# Need Live Center for older Craftsman lathe



## denlford

I bought an older model Craftsman lathe recently. The dead center is missing fron the tail. It is an approx 1/2" threaded shaft that the center screws onto. Does anyone know where I can find a Live Center to fit this machine?

Thanks,

denlford


----------



## john lucas

I may be wrong but I think the old craftsman lathes took a #1 morse taper. If it's 1/2" at the large size of the hole it's #1. If it's closer to 3/4" it a #2. You can get #1 morse taper live centers from www.pennstateind.com They probably have the #2 morse tapers as well. If you just need a dead center with a 60 degree point you can buy those from machine shops.


----------



## denlford

*Thanks*

Thanks for the information. I'll go out and measure the size and see if the comapny has what I need

denlford


----------



## AZ Termite

You may also try http://www.searspartsdirect.com All you have to do is enter the model and serial number and it will bring up a parts list. If your lathe is like my old craftsman a regular live center will not work.


----------



## TS3660

Is it a wood lathe or a metal lathe? I have a metal lathe I rebuilt. It has a #1mt in the tailstock and a #2 in the headstock. I bought both live and dead centers from Grizzly.


----------



## denlford

It is a wood lathe. I live in the Little Rock, Arkansas area and was in Springfield, MO a couple of weeks ago. I went to the Grizzly store there, but they did not have a live center that would fit. I will try to post some pics of the tail stock. Thanks for your reply.

denlford


----------



## denlford

Thanks for your reply. I have checked with Sear's, but they don't have parts for this model of lathe.

denlford


----------



## AZ Termite

Did you look at the link I had. It is different than your local store. If you only checked a store you will want to look at the web site I linked.


----------



## musky

My grandfather gave me an old craftsman lathe years ago.

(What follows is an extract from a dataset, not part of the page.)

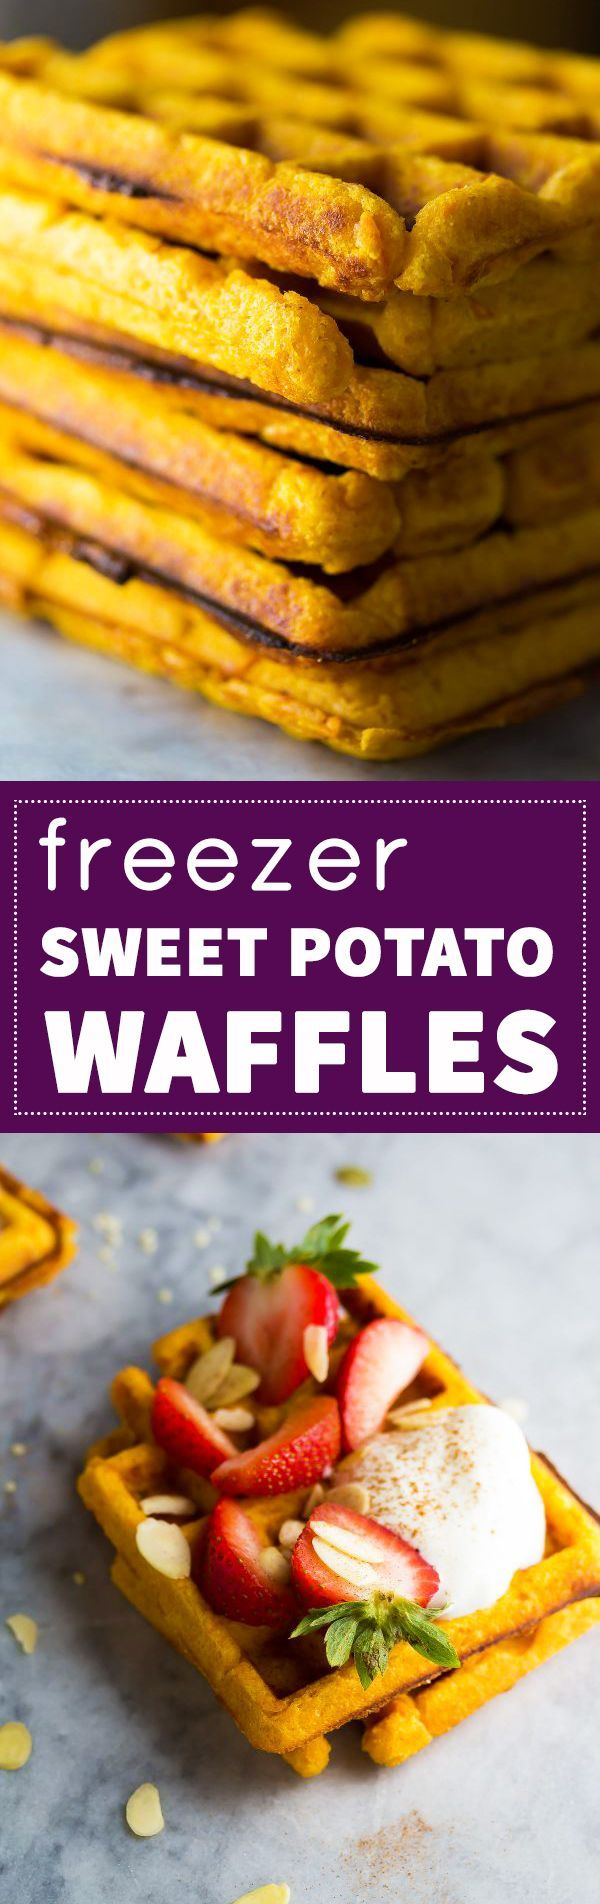 Freezer Sweet Potato Waffles ~ Make breakfast SO easy in the morning!  Plus 3 topping ideas.

It had a motor that was separate from the lathe and mounted behind the lathe to attach the pulley to. It did not have a bed like most lathes now have, it had poles that the tail stock slid on. I lost the live center while moving and had the same problems you are having finding a new one. I upgraded to a harbor freight mini and then to a Delta Midi, but as far as i remember, the live center was straight shaft or almost straight. It did not seem to have the taper like the ones I use now. It was about two inches long or so with a point on it. With mine, I had to use oil where the live center spun in the tail stock. I don't know if you could have one made at a machine shop or not. I wish I knew where mine was, I would be happy to send it to you, since that lathe hasn't been used in probably 10 years or so. Good luck.


----------



## jeff967

the old "109" craftsman had #0 morse tapers


----------